To obtain norms, mean raw score is set equal to mean prior IQ. And for each raw score point above or below that, PSD/RSD is added or subtracted to or from the mean IQ (PSD = Prior Standard Deviation, RSD = Raw Standard Deviation). For practicality, norms may be expressed in a formula like:
IQ = RawScore * PSD/RSD + (IQ for RawScore = 0)
It is recommended not to extrapolate outside the raw score distribution for a distance greater than half the square root of its range.
The simplest way of direct norming is to compute percentiles for each raw score based on the actual test submissions. To do that for a particular raw score, take the number of submissions below that score, add to it half the number of submissions with exactly that score, divide by the total number of submissions, multiply by 100 and round off to the nearest whole number (unless two or more consecutive raw scores would get the same percentile this way, in which case the value should be expressed to the nearest tenth of a percentile). About 200 submissions or more are needed to get stable percentiles.
As percentiles do not have a linear character they are intuitively unsatisfactory. To arrive at linear scale, two methods are thinkable:
Following the assumption that if a distribution is normal, its standard scores can be taken as a linear scale, converting the percentiles to standard scores via the normal distribution should result in a good intuitive scale of high-range intelligence. The mean and SD of the scale can be defined in any desired way, but I recommend a mean of 50 and SD of 10 (t-scores).
To base a standard scale directly on the actual raw scores is only recommended if the test has been constructed purposely to yield linear scores as meant in step 1.4.2. And mean and SD can be defined in any desired way.
To enable scores on tests normed with method 1 to be expressed as high-range percentiles and t-scores as meant in Method 2, the submissions of several tests already normed with method 1 or 2 can be combined to arrive at a sample size sufficient to make a direct norming as in method 2. The IQ norms from the original normings are treated as "raw score" in the new method 3 norming.

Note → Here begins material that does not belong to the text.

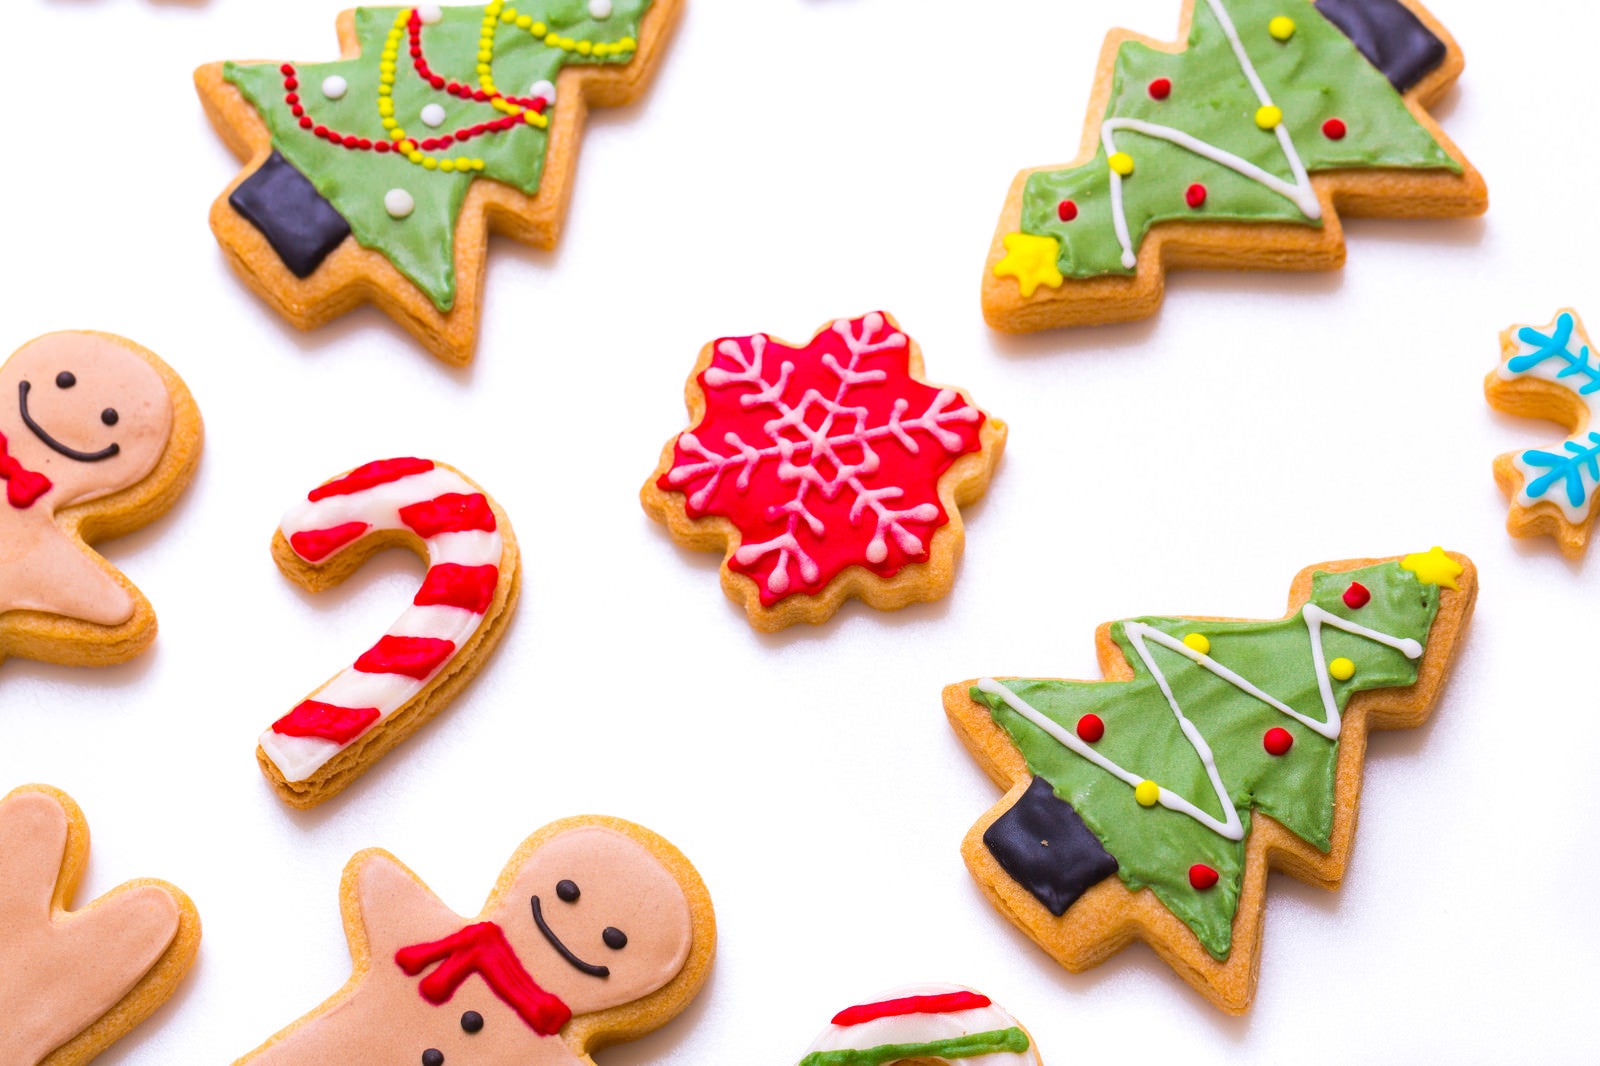 「クリスマスのアイシングクッキー」の写真

If the scores from the already normed tests are combined just like that, a problem is that some testees will occur more than once in the sample, which distorts the distribution. This may or may not be seen as a serious problem. A possible solution is to create a correlation matrix of the tests insofar possible, and for each testee use only the score from the test that is highest in the matrix (that is: that has the highest average of correlations with the other tests).